America is overlooking its biggest gun problem
Mass shootings capture our attention, but suicide is responsible for more deaths.
Eric Sandstrom is a contributor to Writers on the Range, the opinion service of High Country News. He is a freelance writer in Fraser, Colorado.
Six years have passed since I spent one morning with the dead body of a stranger. The scene remains frozen in my brain as though he’d shot himself yesterday, rather than back in 2012.
I was a park ranger working at Colorado National Monument, preparing to lead visitors on a hike up a popular canyon. Then came the news of a dead body at a canyon overlook. Two other rangers and I shifted gears and drove 15 miles to the scene of a suicide.
The body lay on the ground, face up, in the shadow of piñon pines. He was a middle-aged, brown-haired white guy, which makes him typical these days: In 2016, white males accounted for seven out of 10 suicides. He was hatless on this chilly spring day and had parked his car nearby. He’d fallen to the ground, a bloody pillow of pine needles under his head, and his jacket partially obscured the handgun he’d used. I arranged a tarp to shield his body from curious park visitors.
A cellphone had dropped from the man’s other hand, and I wondered who he’d been talking to before he pulled the trigger. I felt sad — even angry — at the waste of this human life. Now, I realize that the tragedy reflected a larger issue. There is another epidemic of gun violence that seldom crosses America’s radar: suicide.

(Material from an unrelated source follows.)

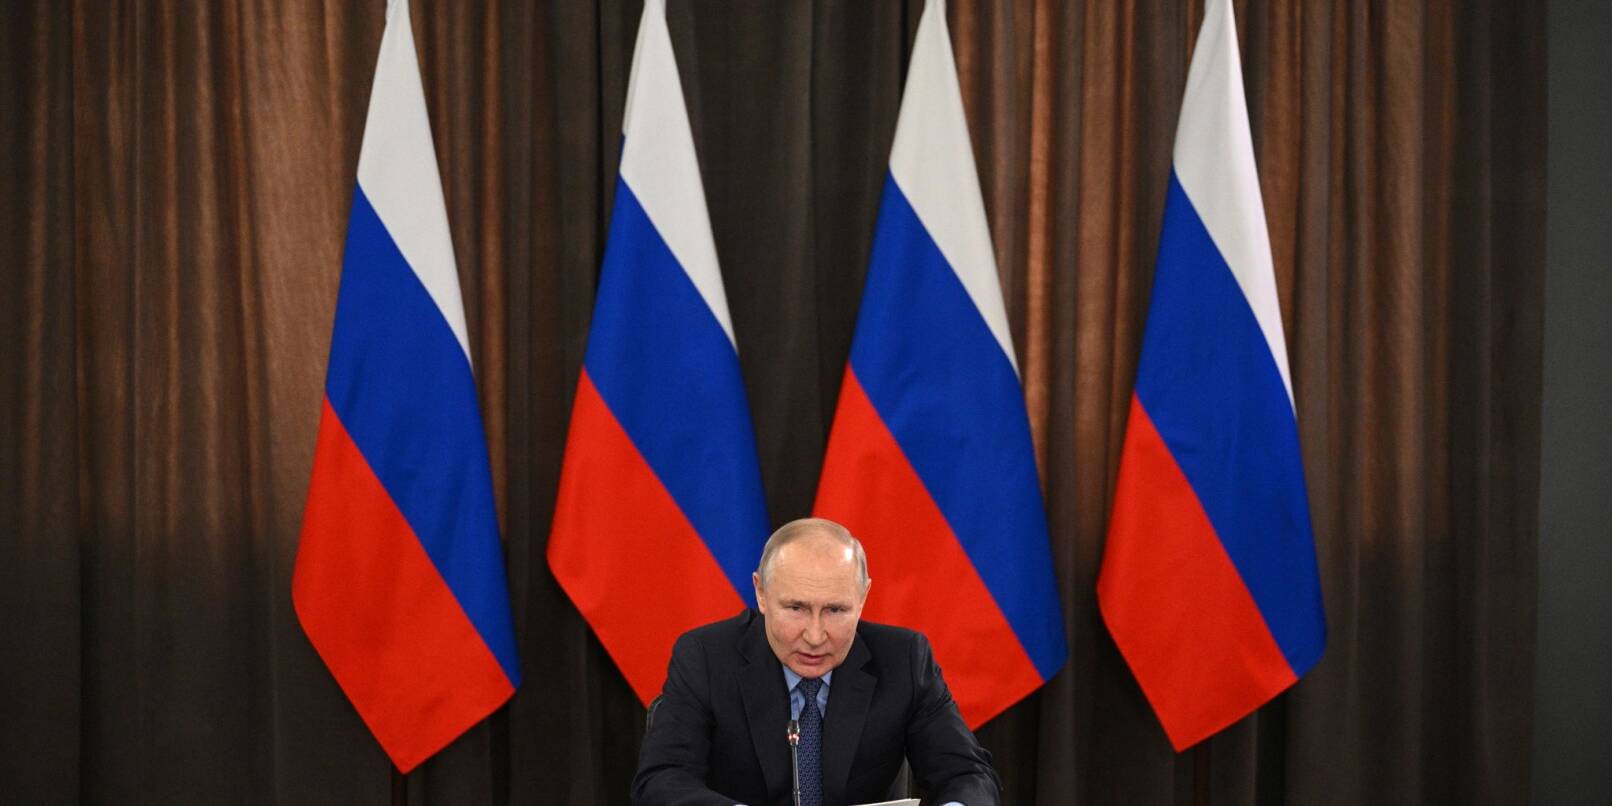 Kremlchef Wladimir Putin leitet eine Sitzung zur Entwicklung der russischen Industrie unter dem Druck der Sanktionen.

Our society has come to accept mass shootings, usually by deranged young men wielding AR-15s. It’s a new normal. Within the last 12 months, shootings happened at a small church in Texas, a Las Vegas concert, a rural county in Mississippi, and a high school in Florida, to name just a few. Journalists covered the heck out of these tragedies, while ignoring the far more common gun deaths involving older men, usually depressed, who ended their lives with handguns.
Suicides comprise two-thirds of all gun deaths in the United States. Most of them never make headlines. According to the Centers for Disease Control and Prevention, of the estimated 34,000 people shot to death every year in the United States, 65 percent of those fatalities — 22,000 — are suicides.
No simple solution comes to mind. Liberals want Congress to outlaw assault rifles, and conservatives think arming teachers in schools is the answer. Neither idea will reduce gun suicides. A first step requires a change of focus from weapons to people suffering with depression. Suicide has become the tenth leading cause of death in the United States. These deaths cost society about $57 billion a year in combined medical and work-loss expenses. While death rates of heart disease, traffic accidents and cancer continue to decline with the help of federally funded research, the National Institute of Mental Health has reported that the suicide rate has remained constant for 50 years. Research might help to lower the death rate, but we have been unwilling to put enough federal money into it.
On that spring day in 2012, I helped guard the body of the dead man for three hours, until the coroner arrived and began his investigation. He photographed the scene and then rolled the corpse into a body bag. We helped him lift the heavy bag into his vehicle.
Afterward, I covered the bloody pine needles with dirt, so nobody would stumble upon what had happened there. Before the coroner drove off, he muttered, “Suicide is a permanent solution to a temporary problem.”
We need to admit that America’s biggest gun problem is actually suicide. During my 20 years as a journalist, I reported dozens of murders, but only a handful of suicides. Why aren’t they more in the news? We don’t cover them out of respect for the privacy of victims’ families, the stigma attached to mental illness, and the potential for copycat suicides. As a result, the public suffers from mass ignorance. As long as public officials pretend that tweeting their thoughts and prayers solves gun violence, preventable deaths will continue.
Six years later, I still wonder about the dead man’s family, if he had one, and I think about how suddenly their world was tipped upside down. Who he was, why he did what he did, I never learned.
Today, I’m just a former park ranger who happens to be a gun owner, trying to make sense of my country’s desire for a simplistic answer: Do we outlaw some guns or not? Life is more complicated. Let’s pay more attention to those vulnerable souls who believe the only solution to their problems is suicide. They deserve all the help they can get … before the coroner shows up with a body bag.